Page 1 of 1

Remove CRLF To Reformat Text Files

Posted: Sat Jan 28, 2012 3:20 am
by MilesDadRobin
Hi,

I've searched for hours both in help and this forum but can't find the answer to what I'm sure must be a simple question so sorry if this is an obvious answer.


I have text files which have been hard formatted with lines word-wrapped at a fixed number of characters with a CRLF.

I want to remove the CRLF between words, so the text can flow in longer paragraphs.

So I've tried lots of permutations of finding:

word character - space - CR - LF - word character

and replacing with:

word character - space - word character



I can successfully find the patter, but can't replace.

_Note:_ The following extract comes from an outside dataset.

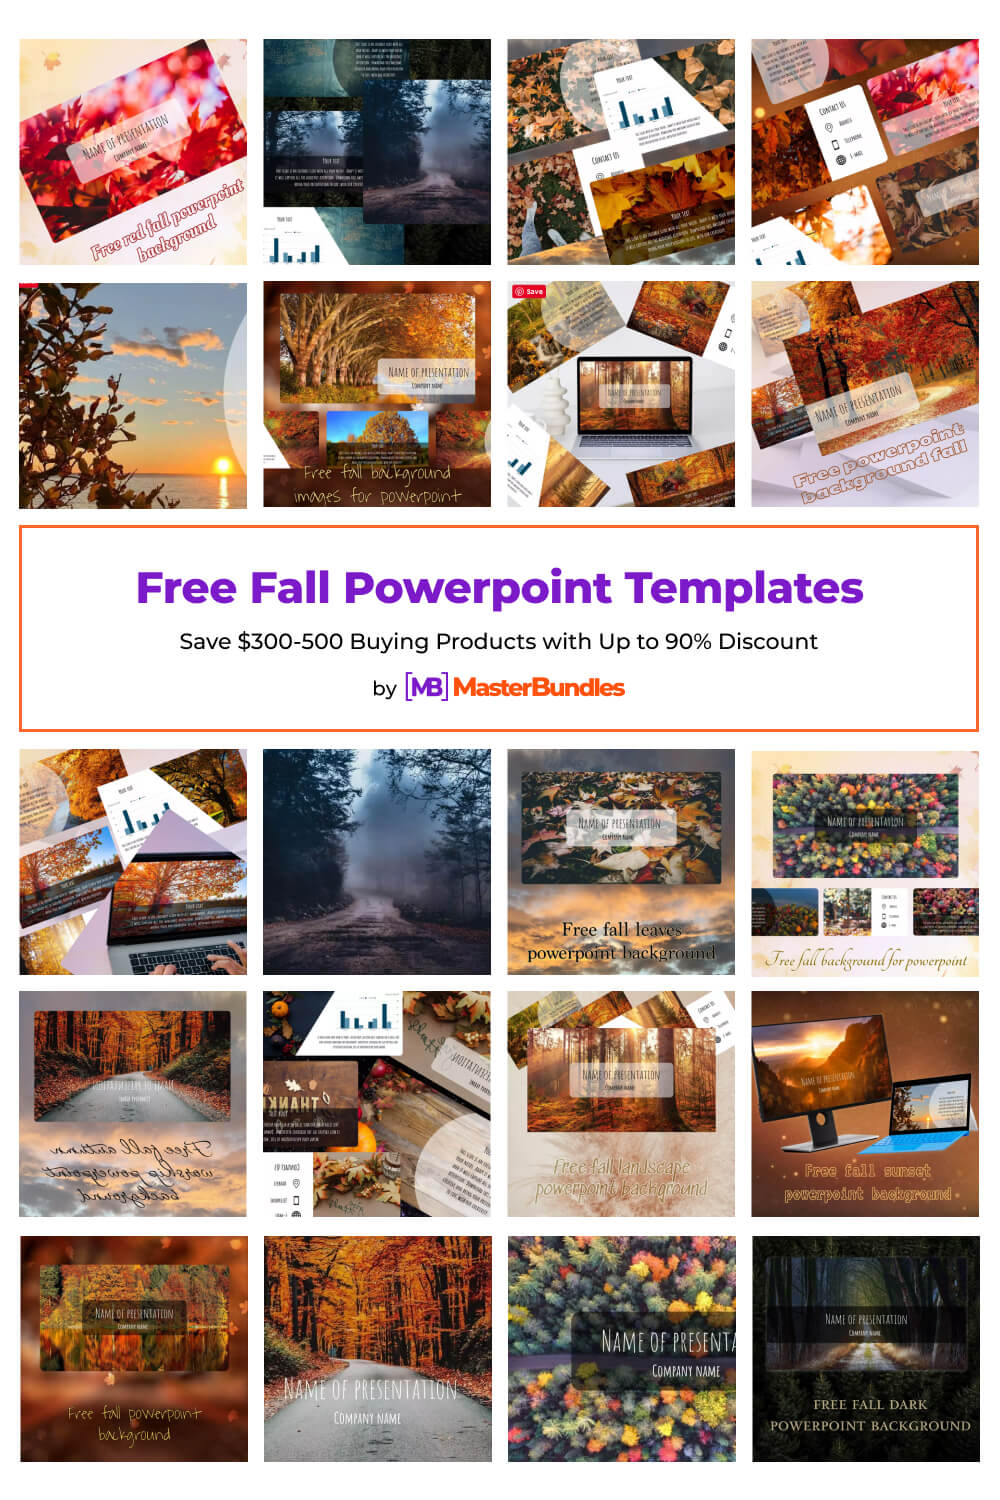 free fall powerpoint templates pinterest image.

I've tried loads of variations of:

$1 $5

to replace the word character, then a space, then the last word character, but without the CRLF

each time I get a "$1i is not a valid subexpression"

I'm obviously making a simple mistake, and after all these hours spent searching, would be really grateful for some help?

Thanks,

Robin

Re: Remove CRLF To Reformat Text Files

Posted: Tue Jan 31, 2012 2:42 am
by dfhtextpipe
If you don't have too many files to process, it's a simple task in Notepad++ to select any paragraph and use the Join option in the Edit menu.
The shortcut {Ctrl-J} does this quickly. Visit http://notepad-plus-plus.org/ for details.
Notepad++ is a great editor to have in your system alongside TextPipe - it's what I use to design my filters and test the output files.

With TextPipe, the trick is to know what needs to be kept separate.
It helps if each of the paragraphs to be joined are separated by a blank line.

A TextPipe filter to reformat such paragraphs should not require to make use of any $ variables.
After all, you merely want to replace the CR LF by a single space within successive sections of text.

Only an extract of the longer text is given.